"My Love Is for Real" is a song by American singer and songwriter Paula Abdul with backing vocals from Israeli singer Ofra Haza. It was released on May 30, 1995, as the first single from Abdul's third studio album, Head over Heels (1995). Intended as Abdul's comeback single, "My Love Is for Real" reached number one in Hungary and the top 20 in Australia, Canada, and New Zealand, but it stalled outside the top 20 in the United States, peaking at number 28 on the Billboard Hot 100, and failed to make a major impact in Europe.

Song information
"My Love Is for Real" was written by Abdul and Rhett Lawrence. The song is a fusion of trip hop and traditional Indian instruments as well as Middle Eastern music with backing vocals by Israeli singer Ofra Haza. The song carries a dark sound not present in Abdul's earlier hits and also contains elements of industrial music. The single's B-side is the mid-tempo song "Didn't I Say I Love You", written by Elliot Wolf and Stacey Piersa.
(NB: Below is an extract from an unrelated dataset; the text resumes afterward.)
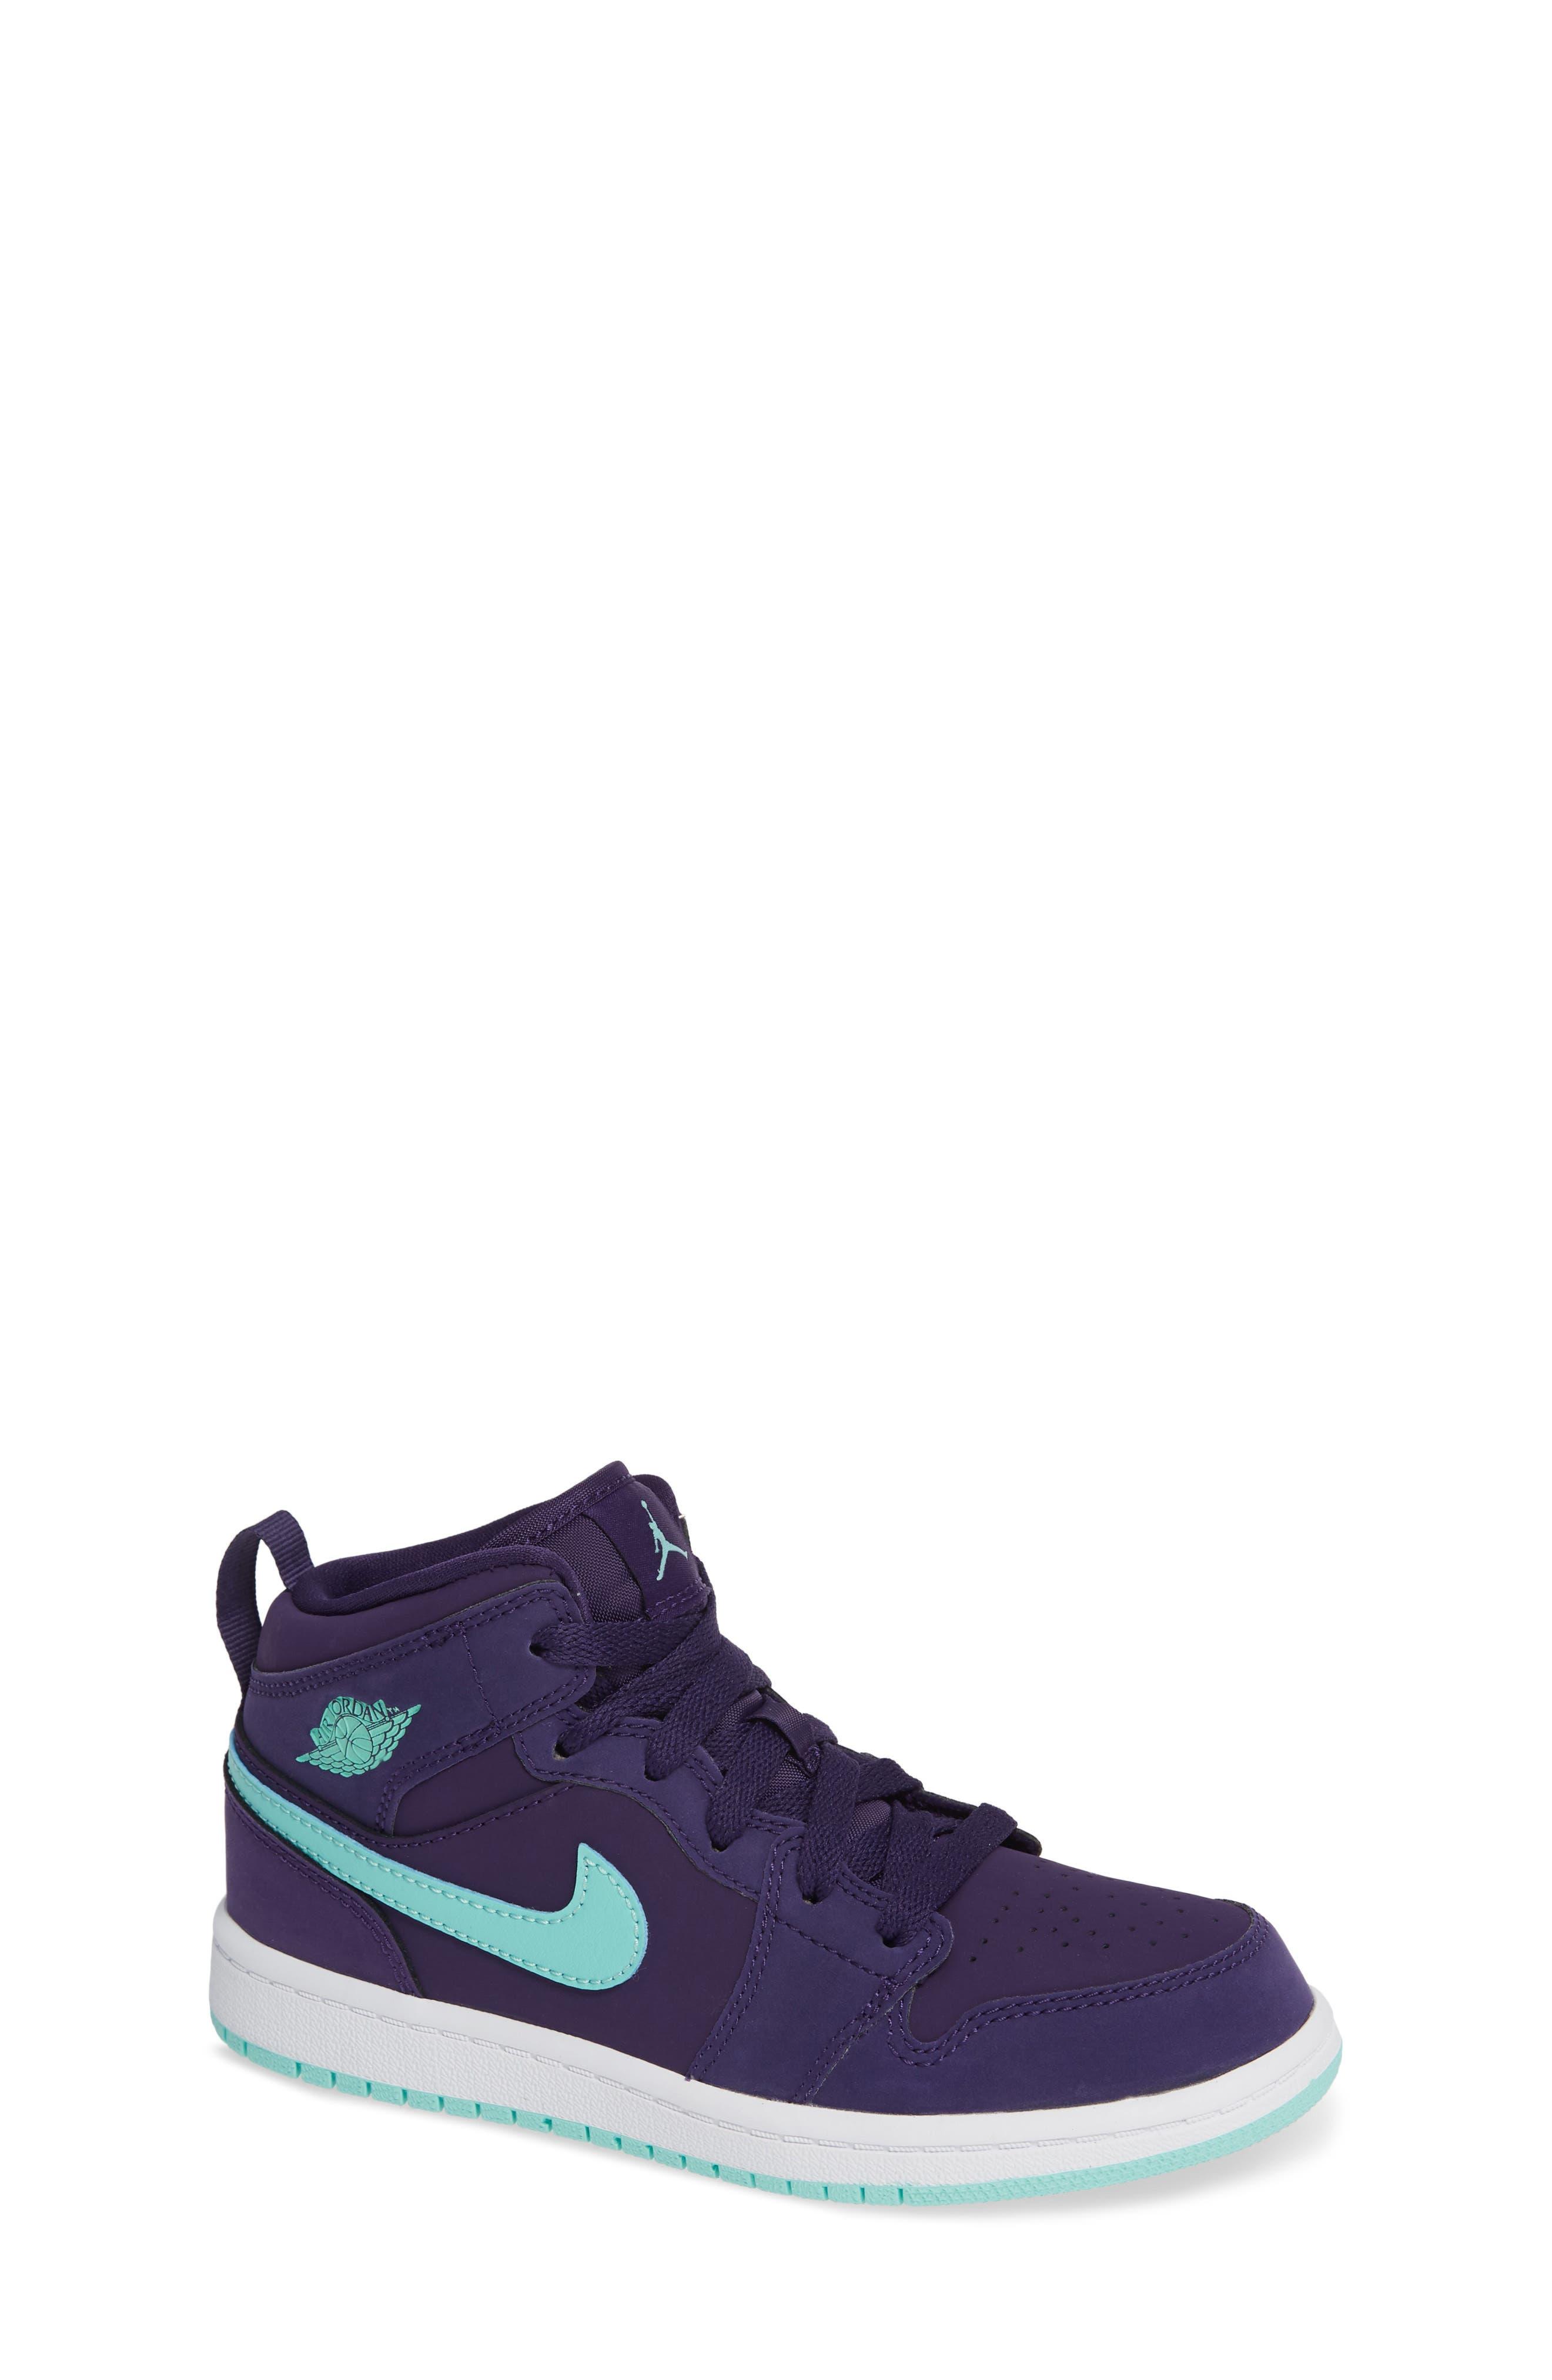 Nike 'Jordan 1 Mid' Basketball Shoe,                             Main thumbnail 1, color,                             INK/ EMERALD RISE/ WHITE

The single featured remixes by British dance band Strike, who subsequently recorded and released their own version of "My Love Is for Real" featuring singer Victoria Newton.  Their version of the song became a UK Clubs Dance Top 10 hit.

Critical reception
Larry Flick from Billboard viewed the song as "an overlooked pop-treasure", describing it as "cute" and "fun". Chuck Campbell from Knoxville News Sentinel described it as "Middle Eastern-flavored" and "slow chugging". In his weekly UK chart commentary, James Masterton wrote, "Her new single goes for the dance angle, reminiscent of her first hit "Straight Up" but this time round unlikely to become too big a hit for her." A reviewer from Music Week gave it four out of five, adding, "Smooth, soulful vocals with a funky rhythm and oriental touches show Abdul back on form."

Chart performance
"My Love Is for Real" was intended to be a comeback single for Abdul, who had not released an album since 1991's triple platinum Spellbound. The single was not as successful as Abdul's previous releases and peaked at number 28 on the US Billboard Hot 100. The song fared better on the Billboard Hot Dance Club Play chart, where it reached the number-one position.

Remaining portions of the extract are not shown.